Our results demonstrate improved signal detection from the FAERS data when applying an adaptation of the SGNS algorithm to represent observational data, providing a novel methodology for the identification of drug/side-effect associations. Across both reference standards and three different configurations of our source dataset, P(drug|ADE) estimates produced by the aer2vec+ model consistently result in a higher AUC than was obtained by either of the two disproportionality metrics evaluated. The aer2vec- model also outperformed disproportionality metrics in most but not all cases. Furthermore, we found that the role code information in the FAERS data can be used to subset these data in a way that improves performance. Lastly, we discovered that aer2vec+ outperforms aer2vec- in all cases. These findings have implications for the analysis of adverse event report data.

Our primary finding is that aer2vec+ outperforms the standard disproportionality metrics across two reference sets and all dataset configurations, with improvements in performance of up to 10% in absolute AUROC on the larger and more challenging OMOP set, and smaller but still substantial improvements in performance on the EU-ADR set. This supports our initial hypothesis that distributed representations (concept embeddings) derived from AERS data may be of value for pharmacovigilance. Qualitative analysis of neighboring embeddings suggests that trained embeddings capture regularities in the data. Concepts occurring in similar AER contexts have similar embeddings, permitting our models to generalize across related drugs and ADEs, suggesting a mechanism underlying their enhanced performance. In the current work, we applied these embeddings by recapitulating the probabilistic estimates used during the course of training. However, the benefits of pre-trained distributed representations are often best demonstrated in downstream supervised learning. In our previous work we have shown that literature-derived embeddings used as a basis for supervised machine learning produce state-of-the-art performance (AUROC=.96) on the OMOP reference set26,27. A logical next step will involve evaluating the utility of aer2vec embeddings as a complement to literature-derived embeddings for supervised machine learning. Intriguingly, best performance with aer2vec on the EU-ADR set exceeds that obtained with supervised models - both in our work26,27 and when classifiers were trained on manually engineered features derived from a range of sources including the biomedical literature, FAERS data and pharmaceutical product labels28. One reason for this may be the limited number of training examples per side-effect available relative to the OMOP set, where recapitulating aer2vec’s neural-probabilistic learning objective does not in and of itself lead to state-of-the-art performance. In addition, prior work leveraging side-effect patterns in AERS data for drug repurposing suggests aer2vec embeddings that represent such patterns may be leveraged for this purpose also29.

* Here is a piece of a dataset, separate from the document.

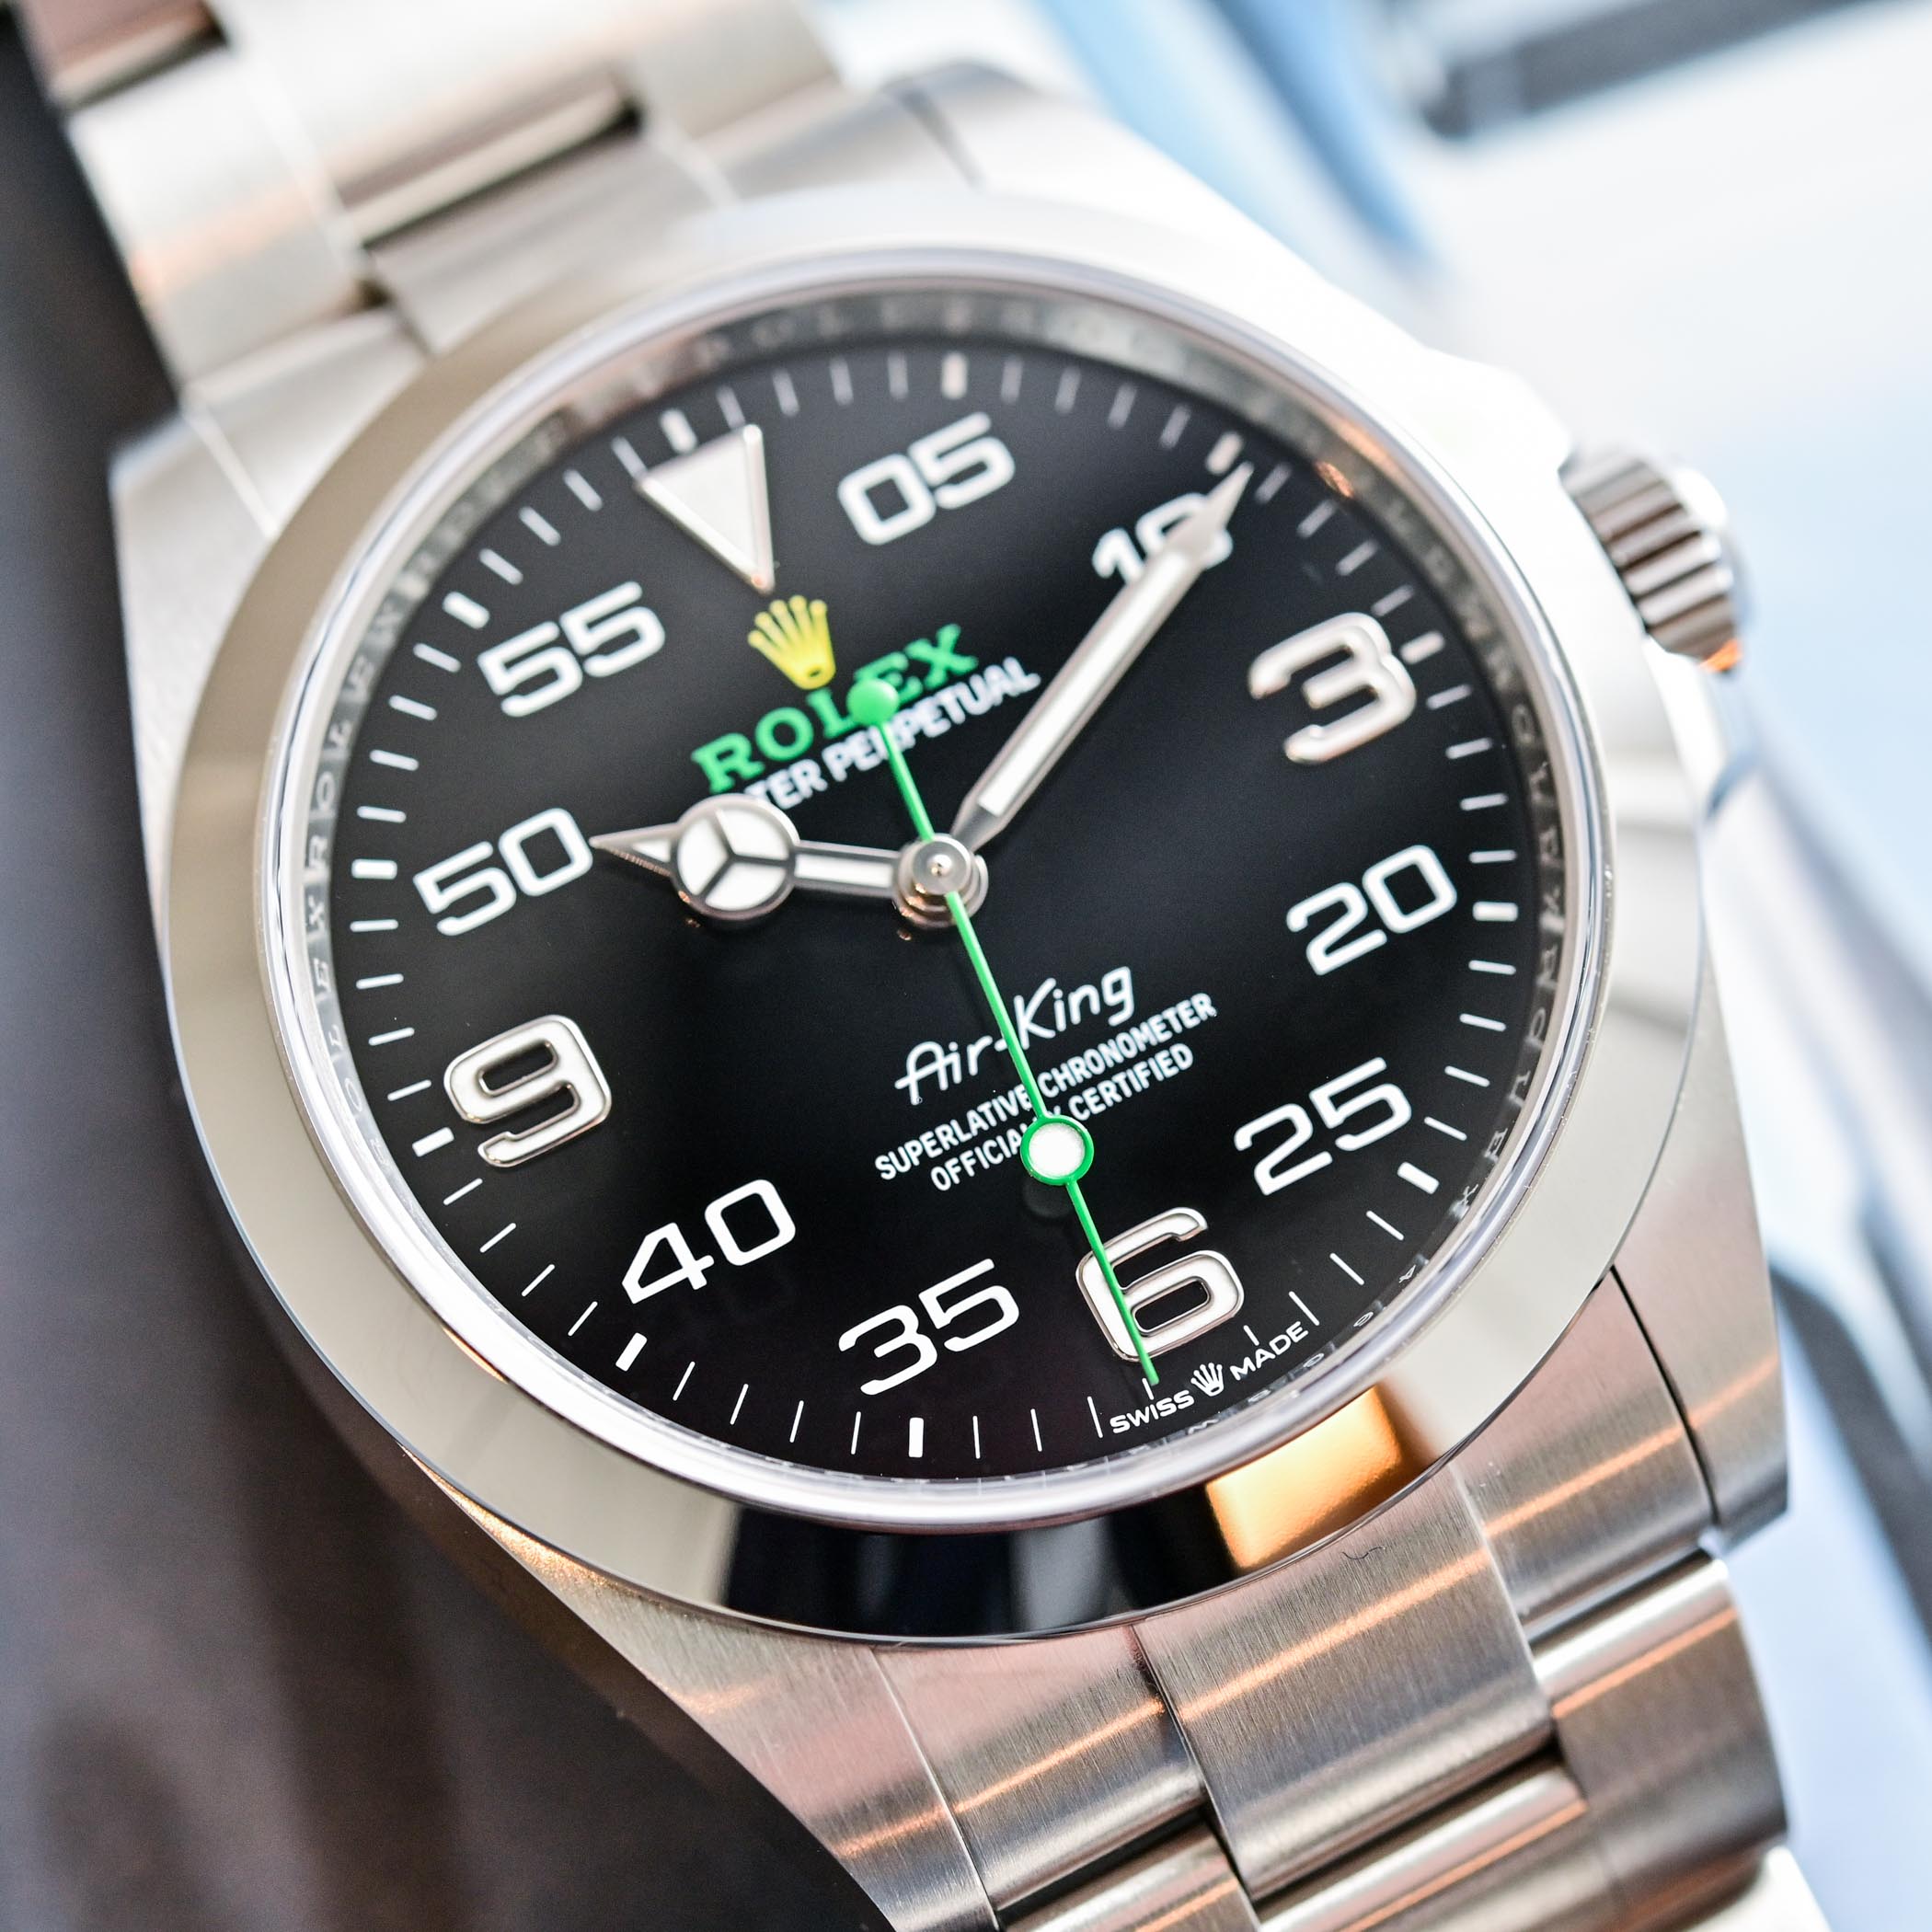 Rolex Oyster Perpetual Air King 126900 - hands-on - 2

A second notable finding is that constraining the data set in accordance with human judgment of suspected causality enhances performance. The role code variable in the FAERS data set provides valuable information that has generally not been used in prior published work, and leveraging this information to constrain the occurrence events in the data resulted in substantive improvements in performance for all models evaluated. It seems likely that the mechanism in this case involves reducing the influence of confounding variables, providing a useful addition to the armament of methods that have been deployed for this purpose in pharmacovigilance30,31,32. However, incorporation of human judgment into statistical models introduces a degree of subjectivity that warrants further discussion. One might argue that attempts to leverage these designations of suspicion would accentuate documented biases in spontaneous reporting, such as notoriety bias - a tendency toward increased reporting of adverse events that have recently appeared in safety alerts33. A more pragmatic perspective might be to consider the cumulative independent judgments of a diverse group of adverse event reporters – who are in some cases domain experts and have access to information concerning temporality and other factors that are not explicit in reporting data alone – as exemplifying the “wisdom of crowds”34. At a minimum, the utility of reporter designations of suspected causality as a means to improve predictive modeling performance across multiple models and two reference standards suggests a need for further investigation into the circumstances in which this information is of value for post-marketing drug surveillance.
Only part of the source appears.